Data block -
:::
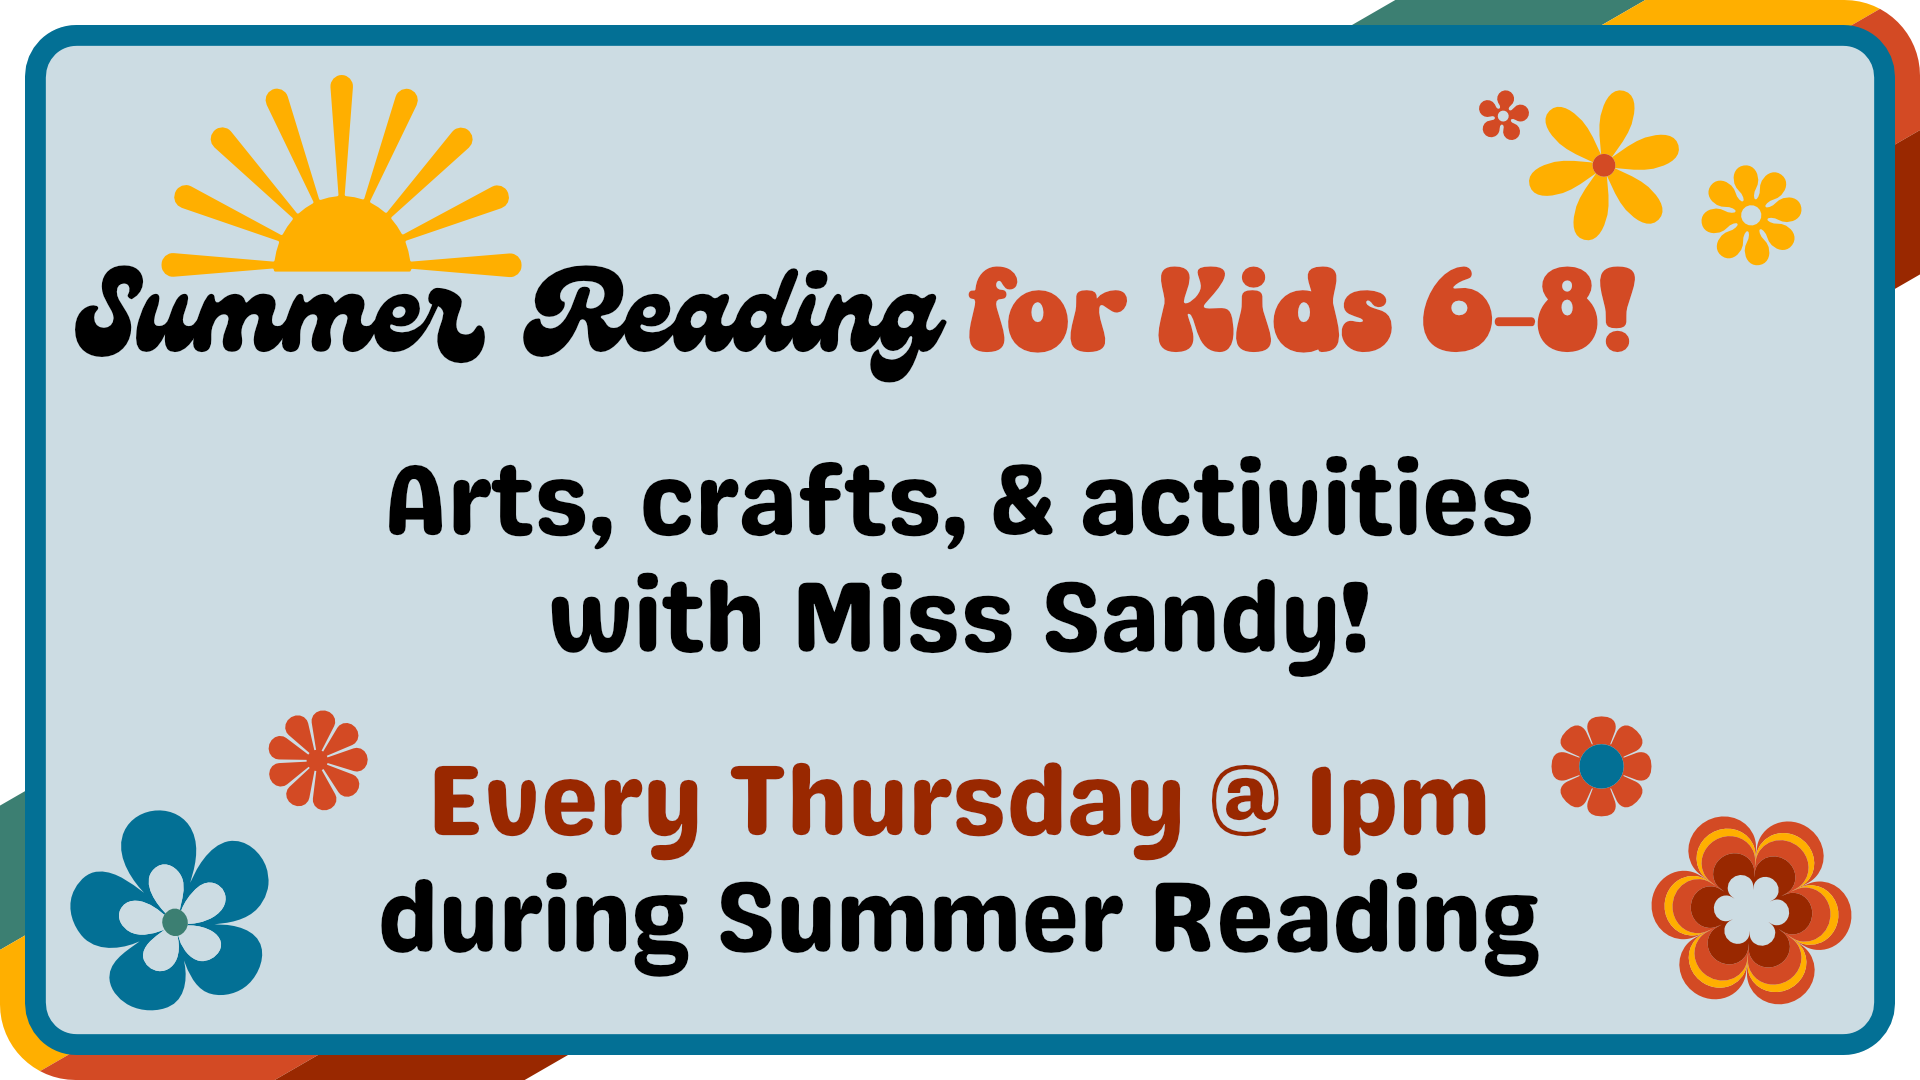 Summer Reading for kids 6-8, every Thursday at 1pm
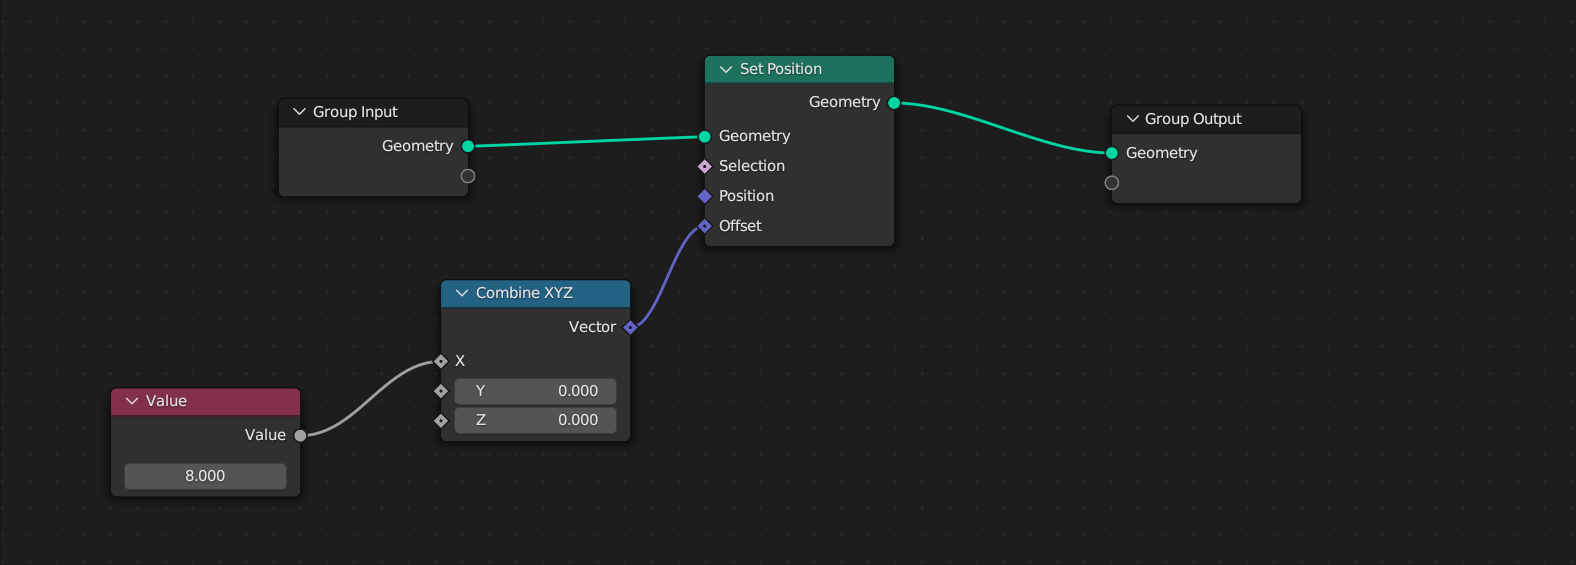 Example of Geometry Nodes in Blender from the node graph editor. Multiple different nodes are connected to each other through various inputs and outputs.
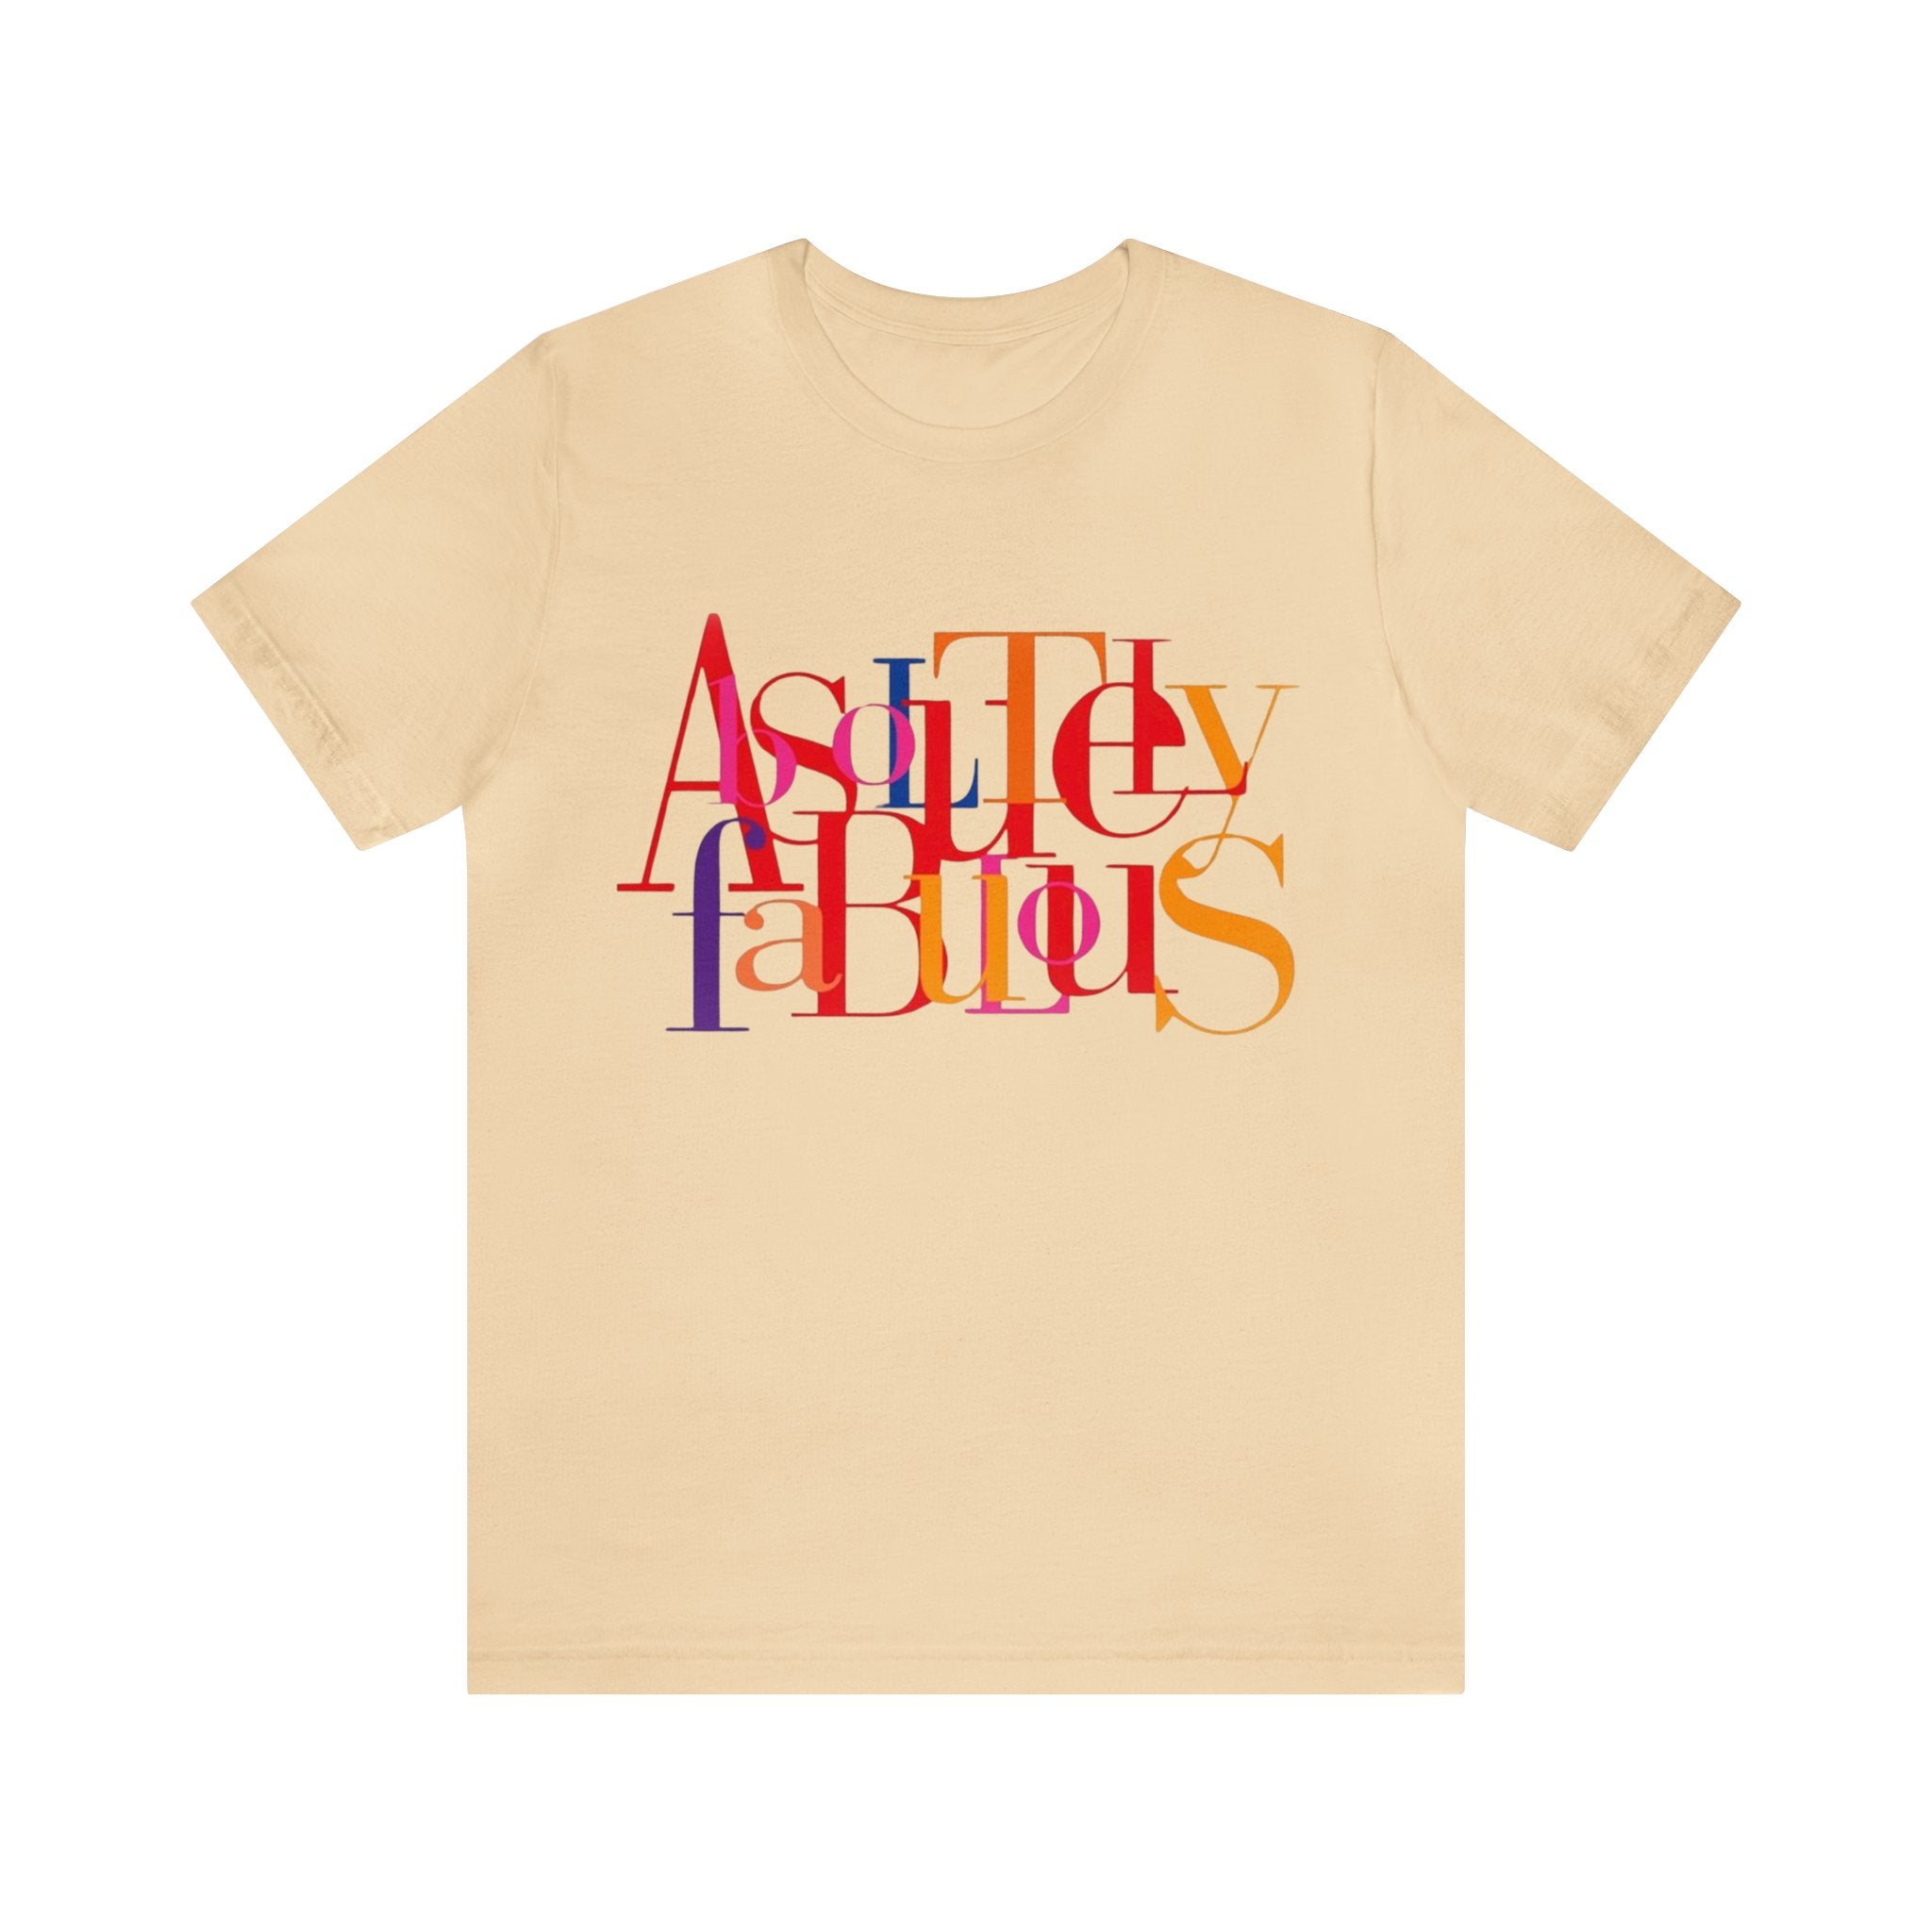 https://creationsbychrisandcarlos.store/products/absolutely-fabulous-unisex-jersey-short-sleeve-tee-1
:::
Task prompt - Leave out the pictures and return the listing exactly.

Completed task -
 Summer Reading for kids 6-8, every Thursday at 1pm
 Example of Geometry Nodes in Blender from the node graph editor. Multiple different nodes are connected to each other through various inputs and outputs.
 https://creationsbychrisandcarlos.store/products/absolutely-fabulous-unisex-jersey-short-sleeve-tee-1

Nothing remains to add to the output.